Question

In the preparation of ${\text{KMn}}{{\text{O}}_{\text{4}}}$, pyrolusite (${\text{Mn}}{{\text{O}}_{\text{2}}}$ ) is first converted to potassium manganate (${{\text{K}}_2}{\text{Mn}}{{\text{O}}_{\text{4}}}$). In this conversion, the oxidation state of manganese changes from
A.$ + 1{\text{ to + 3}}$
B.$ + 2{\text{ to + 4}}$
C.$ + 3{\text{ to + 5}}$
D.$ + 4{\text{ to + 6}}$

Answer 1

Hint:On oxidation, the oxidation number is found to be increased. On reduction, the oxidation number is reduced. Potassium permanganate is prepared from pyrolusite ore.
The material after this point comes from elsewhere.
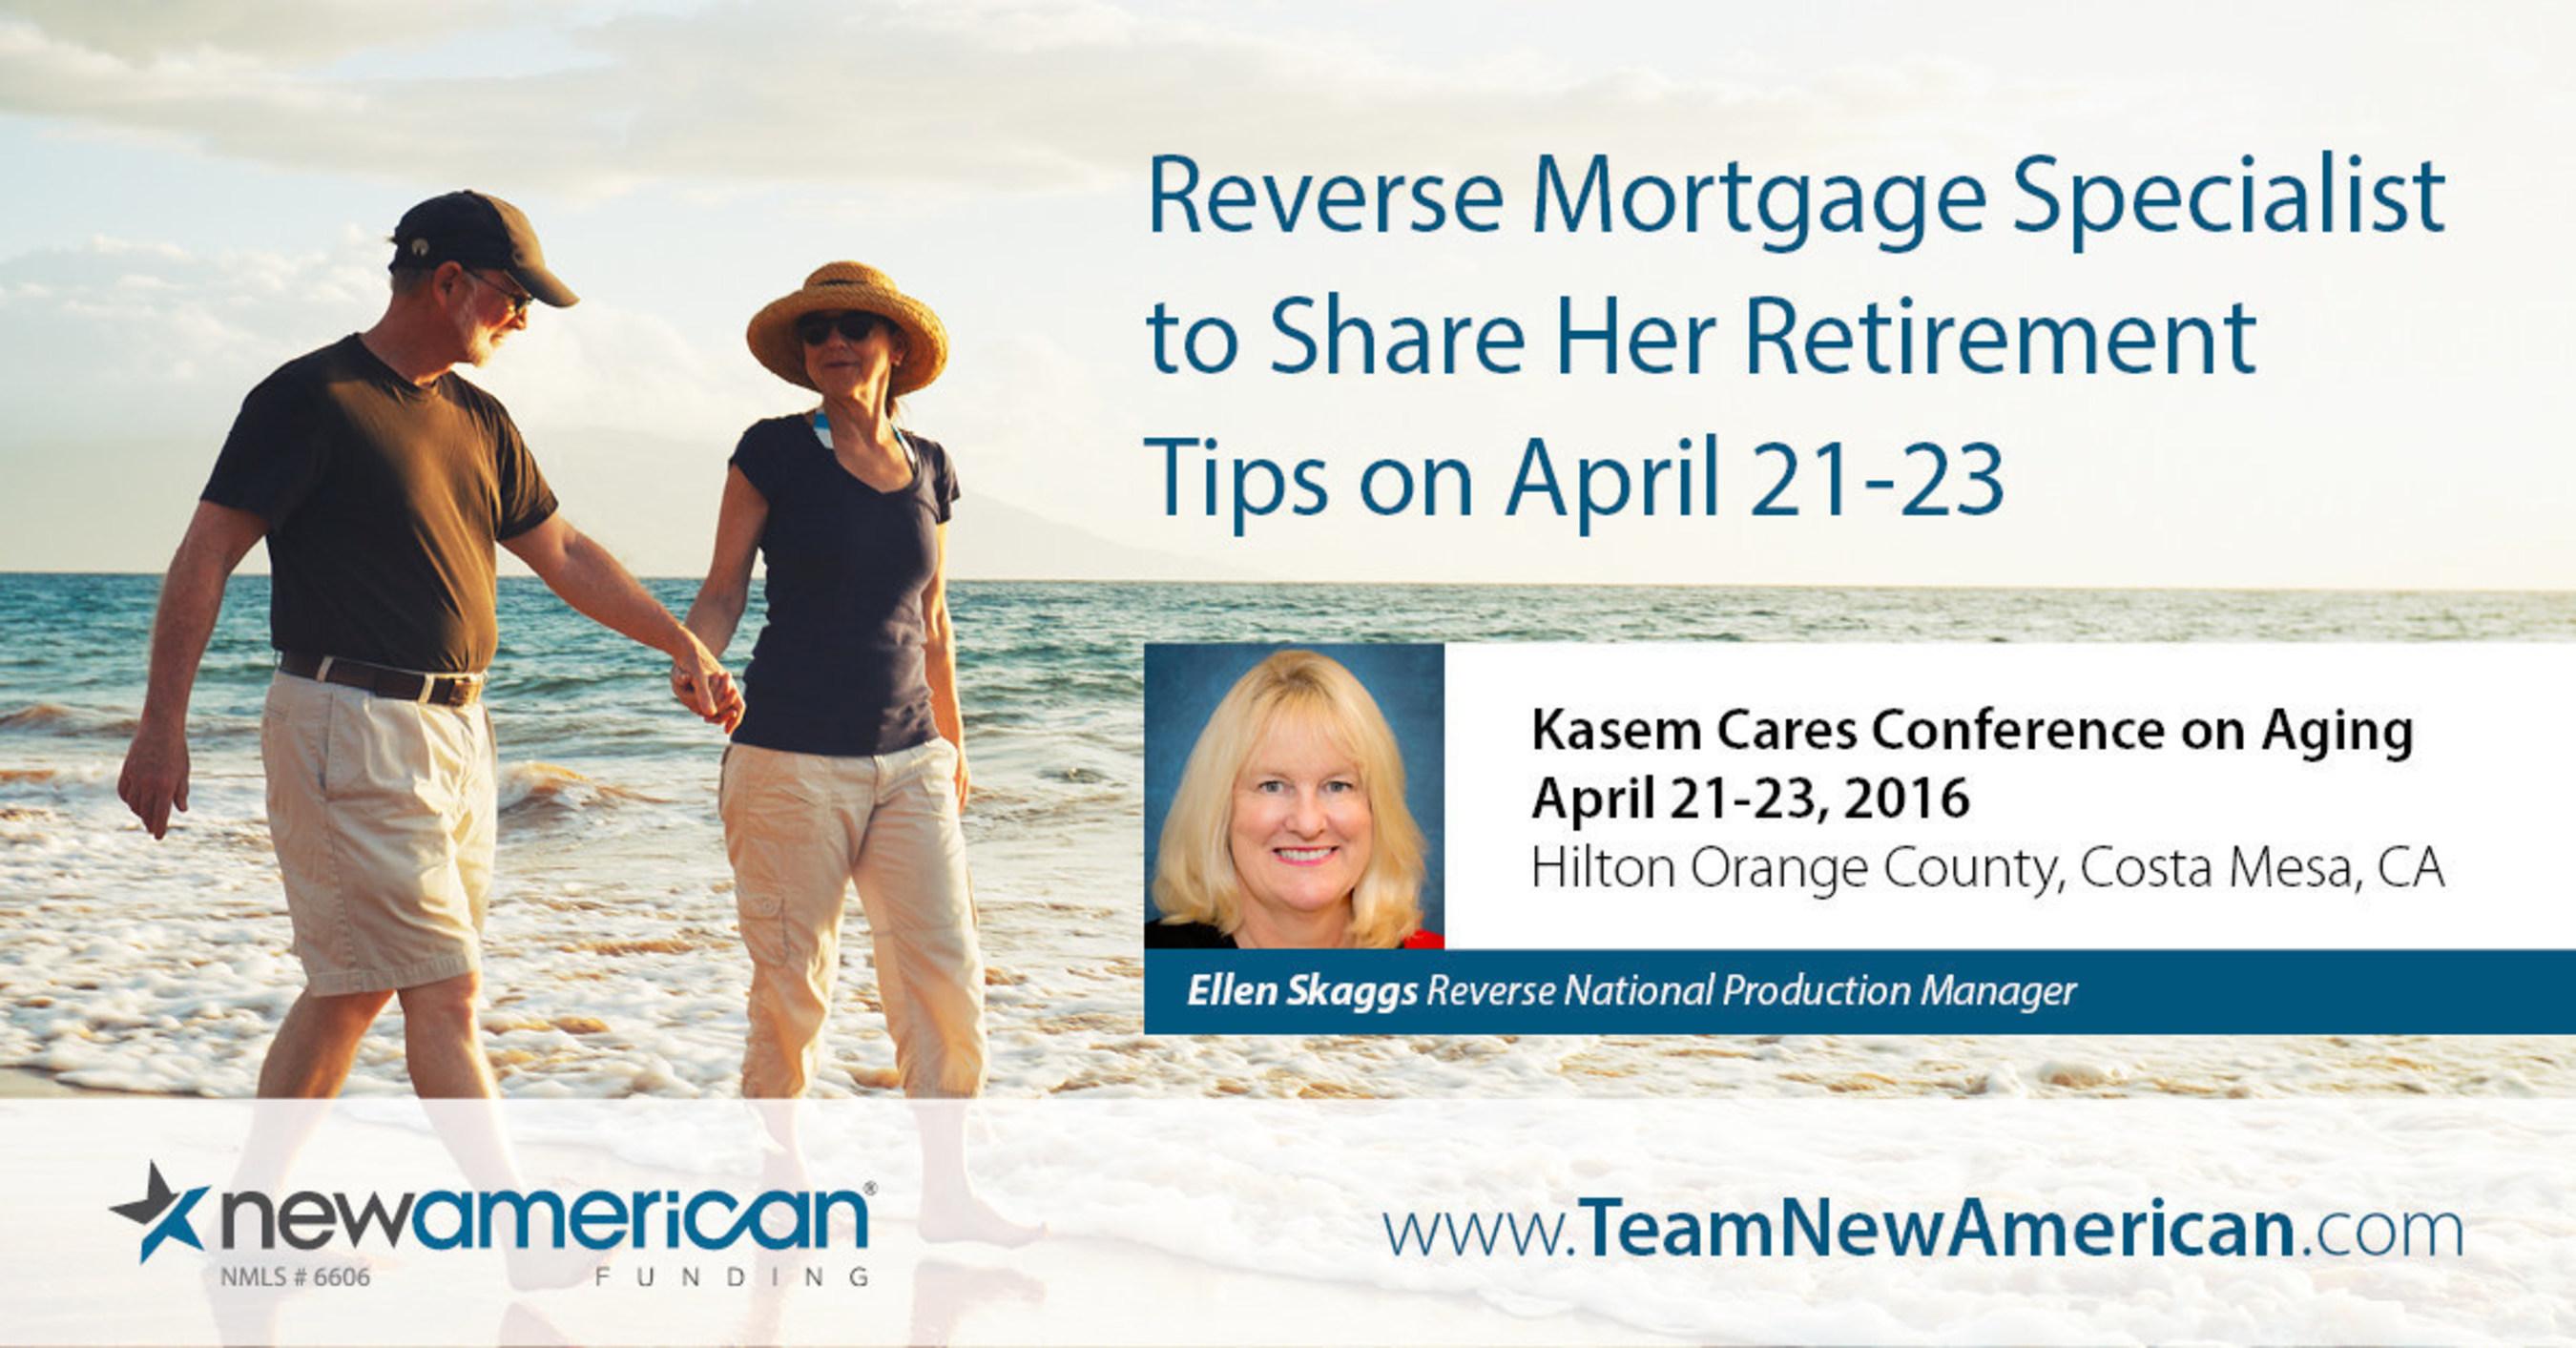 New American Funding's Ellen Skaggs to Speak at Kasem Cares Conference on Aging.

We know that pyrolusite can be converted to potassium permanganate by oxidizing it.
Complete step by step answer:
We know that the starting material is pyrolusite ore. The crushed pyrolusite ore is taken and is fused with alkali metal hydroxide like KOH in the presence of air to give potassium permanganate (${{\text{K}}_2}{\text{Mn}}{{\text{O}}_{\text{4}}}$).
First, pyrolusite ore is converted to potassium permanganate
${\text{2Mn}}{{\text{O}}_{\text{2}}}{\text{ + 4KOH + }}{{\text{O}}_{\text{2}}} \to {\text{2}}{{\text{K}}_{\text{2}}}{\text{Mn}}{{\text{O}}_{\text{4}}}{\text{ + 2}}{{\text{H}}_{\text{2}}}{\text{O}}$
The color of potassium permanganate is dark green.
The pyrolusite can also be treated with an oxidizing agent like ${\text{KN}}{{\text{O}}_{\text{3}}}$ to give potassium permanganate.
Now let us find out the change in oxidation number of manganese in this primary reaction.
In ${\text{Mn}}{{\text{O}}_{\text{2}}}$, the oxidation number on manganese is $x - 2(2) = 0$, x is the oxidation number of Mn. The oxidation number of Oxygen atoms is -2. There is no charge on ${\text{Mn}}{{\text{O}}_{\text{2}}}$. Therefore, $x = 4$
In ${{\text{K}}_2}{\text{Mn}}{{\text{O}}_{\text{4}}}$, the oxidation number of K is 1. The oxidation number of oxygen is $ - 2$. Here, ${\text{2(1) + x + 4( - 2) = 0}}$, since the overall charge is 0.
${\text{ - 6 + x = 0}}$, ${\text{x = + 6}}$
Here, we could see that the oxidation number is changing from $x = 4$ in ${\text{Mn}}{{\text{O}}_{\text{2}}}$to x=+6 in ${{\text{K}}_2}{\text{Mn}}{{\text{O}}_{\text{4}}}$.
Since there was an increase in the oxidation number, we could confirm the reaction as oxidation.
Therefore, the correct answer is $ + 4{\text{ to + 6}}$

Thus, the correct option is D.

Note: After the pyrolusite is converted to potassium permanganate by oxidation, it is then converted to potassium manganate. On electrolytic oxidation of the permanganate ion formed, we get manganate ion. Now, let us look at the change in the oxidation number of Mn in ${\text{Mn}}{{\text{O}}_{\text{2}}}$ to ${\text{KMn}}{{\text{O}}_{\text{4}}}$ . We know the oxidation number of Mn in ${\text{Mn}}{{\text{O}}_{\text{2}}}$is $ + 4$. $1 + x + 4( - 2) = 0$, ${\text{x = + 7}}$